Industry-leading security is turning heads. In the first nine months of 2020, CrowdStrike’s revenue grew 85% year-over-year, while annual recurring revenue jumped 81%. More importantly, the net number of new subscribed customers increased by 88%, laying the groundwork for increased recurring revenue in the future. CrowdStrike is not yet profitable, but it is getting closer every day.
Another company offering cutting edge protection with zero trust is Zscaler (NASDAQ: ZS). The company operates in the cloud, to provide greater reach than can be achieved with traditional cybersecurity solutions. By providing secure connections between remote workers and their company’s cloud resources, Zscaler has revolutionized the age-old model of cybersecurity of building better walls and digging deeper ditches.

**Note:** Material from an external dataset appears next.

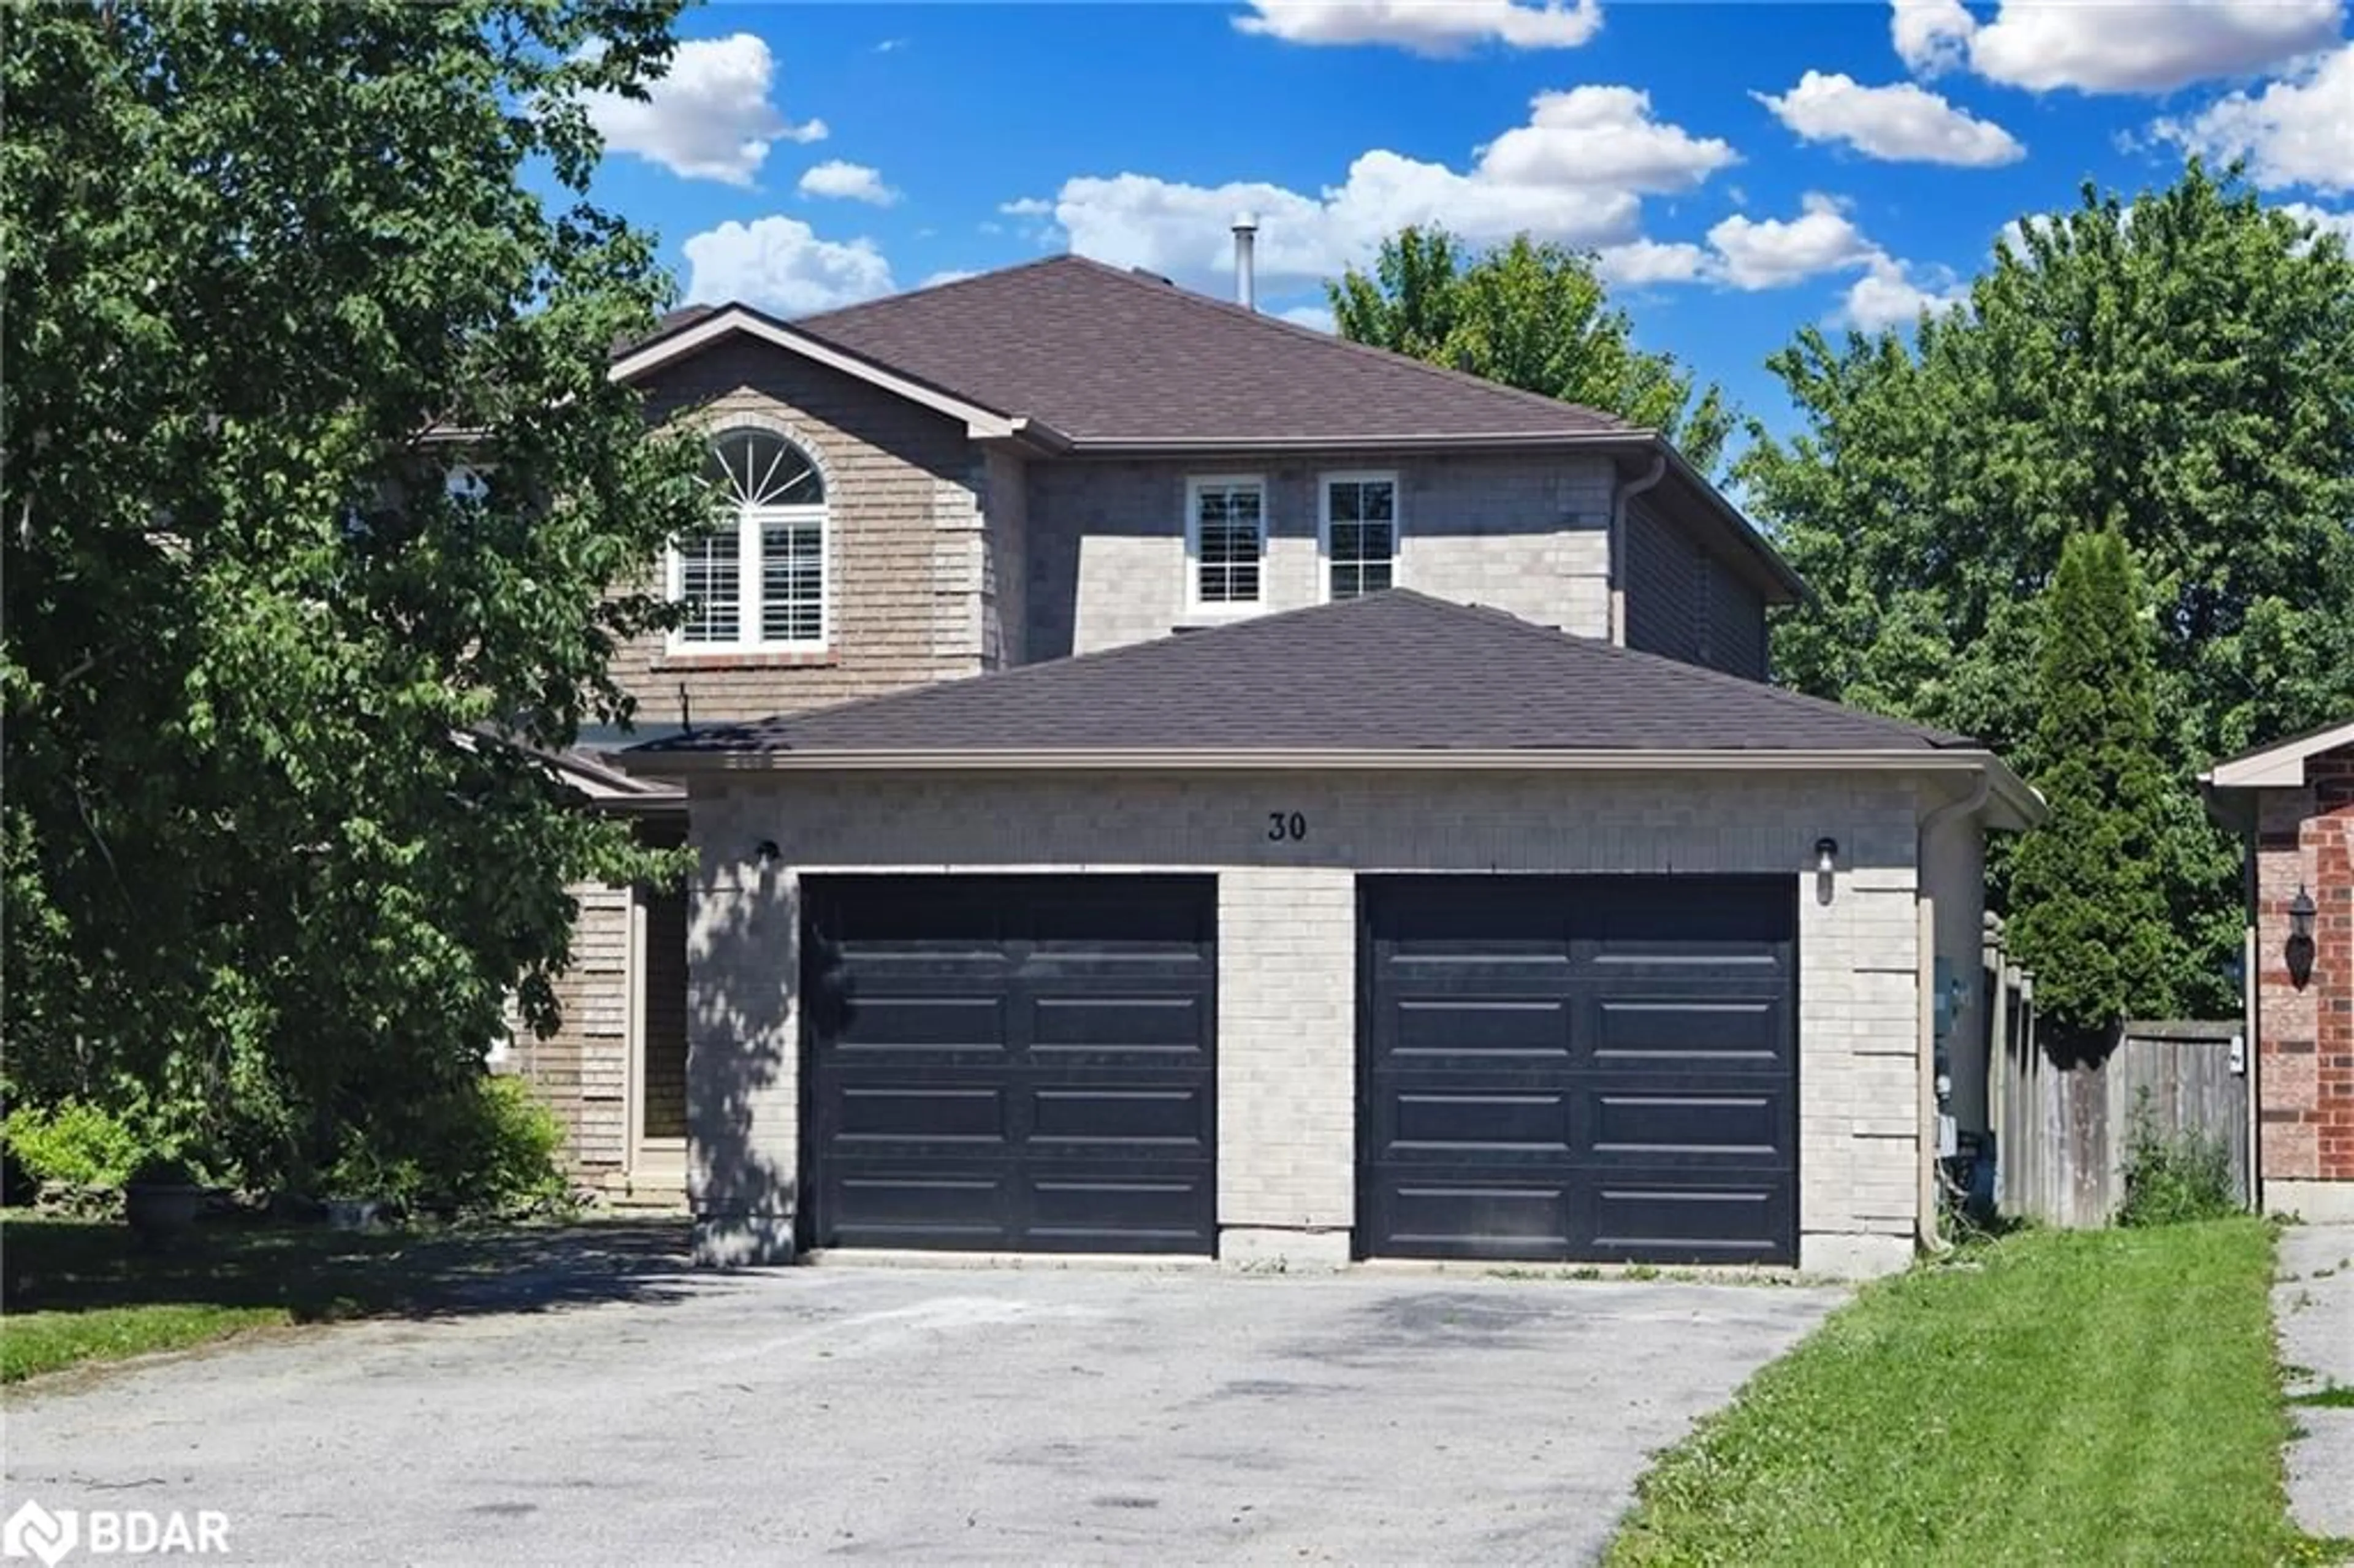 Frontside or backside of a home for 30 Ambler Bay, Barrie Ontario L4M 7A5

Business is booming. In its first fiscal quarter (ended October 31), Zscaler’s revenue grew 52% year-over-year, but even that doesn’t tell the whole story. The company has grown revenue at a compound annual growth rate (CAGR) of 64% since 2016. Like many high growth companies, Zscaler is not yet profitable, preferring to use its limited resources to focus on business. acquisition of new customers.
This article represents the opinion of the author, who may disagree with the “official” recommendation position of a premium Motley Fool consulting service. We are heterogeneous! Challenging an investment thesis – even one of our own – helps us all to think critically about investing and make decisions that help us become smarter, happier, and richer.